You Can’t Be a Bad Actor Before the SEC Has Crowdfunding Rules

Posted in Capital Formation, Dodd-Frank, JOBS Act

The SEC’s Division of Corporation Finance will consider a bar on so-called “bad actors” from private offerings before announcing rules on crowdfunding under the JOBS Act.  However, we anticipate there will be an additional delay given the turnover at the SEC and the recent departure of its Corp Fin Director. 

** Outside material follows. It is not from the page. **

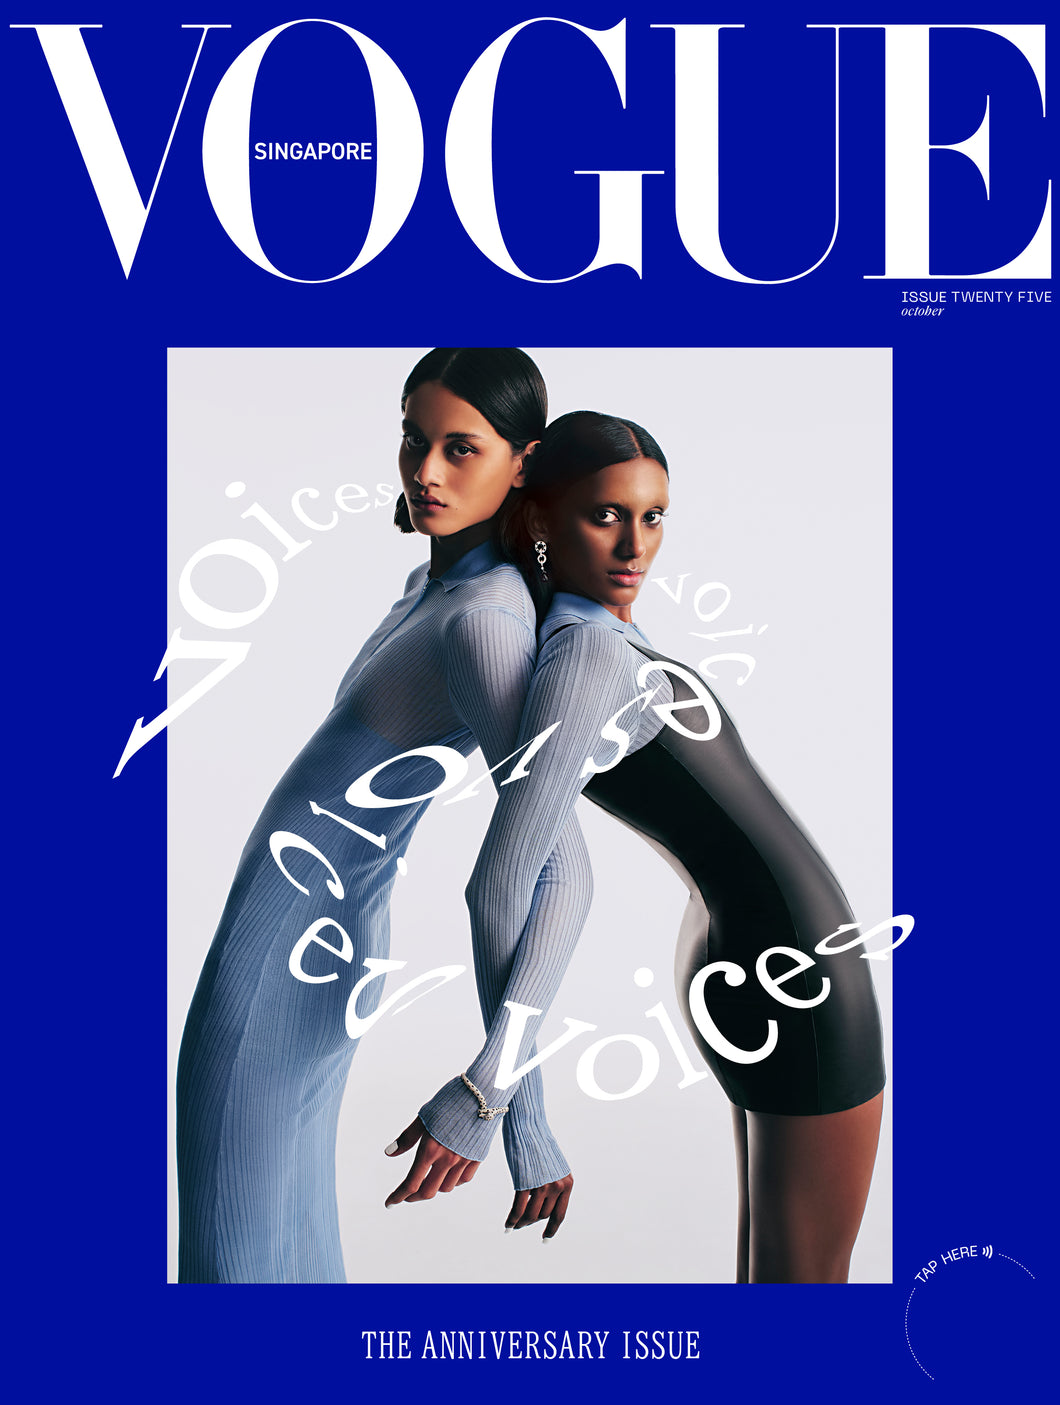 Vogue Singapore: Issue Twenty Five, VOICES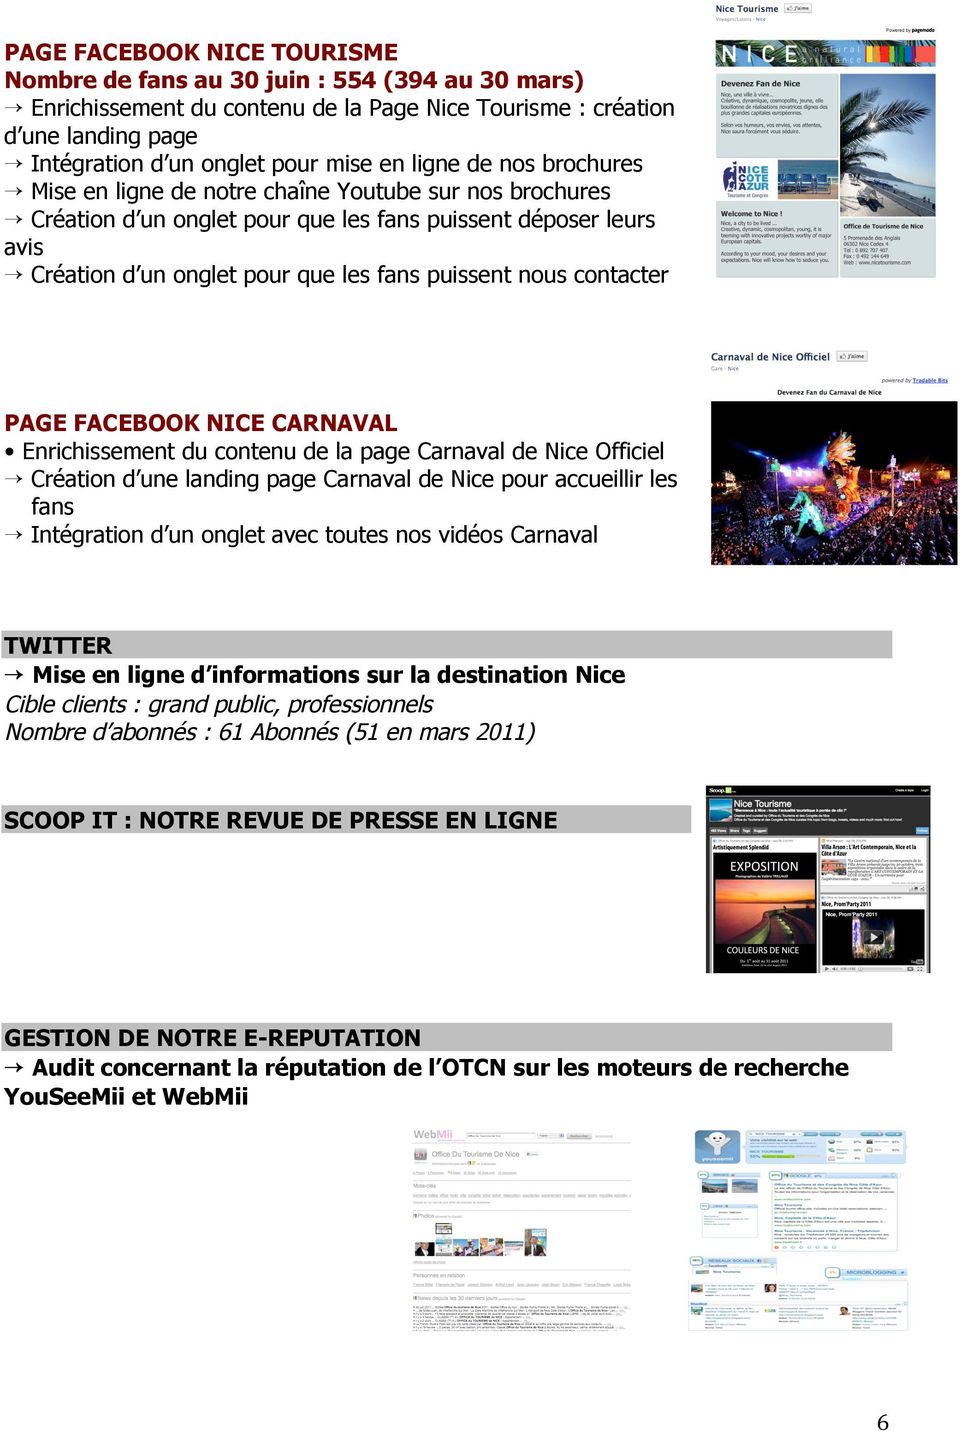 contacter PAGE FACEBOOK NICE CARNAVAL Enrichissement du contenu de la page Carnaval de Nice Officiel Création d une landing page Carnaval de Nice pour accueillir les fans Intégration d un onglet avec

As you have undoubtedly heard, the SEC has been criticized for delay in propounding these rules by various investor and industry groups.  The SEC is required by the JOBS Act to provide for an exemption for crowdfunding as well as disqualify those persons barred by a state authority from engaging in the securities business, convicted of a felony or misdemeanor relating to the sale of securities, or making false SEC statements.  To complicate matters, the SEC already has a pending Dodd-Frank Act rule to preclude certain “felons and bad actors” from participating in private offerings pursuant to Regulation D.  This proposed rule included certain events that occurred prior to the enactment of the Dodd-Frank Act.  Interestingly, when questioned about the delay, the SEC’s response was there were a lot of comments on this proposed rule. 

We expect that whenever the SEC finally gets around to approving final rules, the criticism and rancor should be deafening.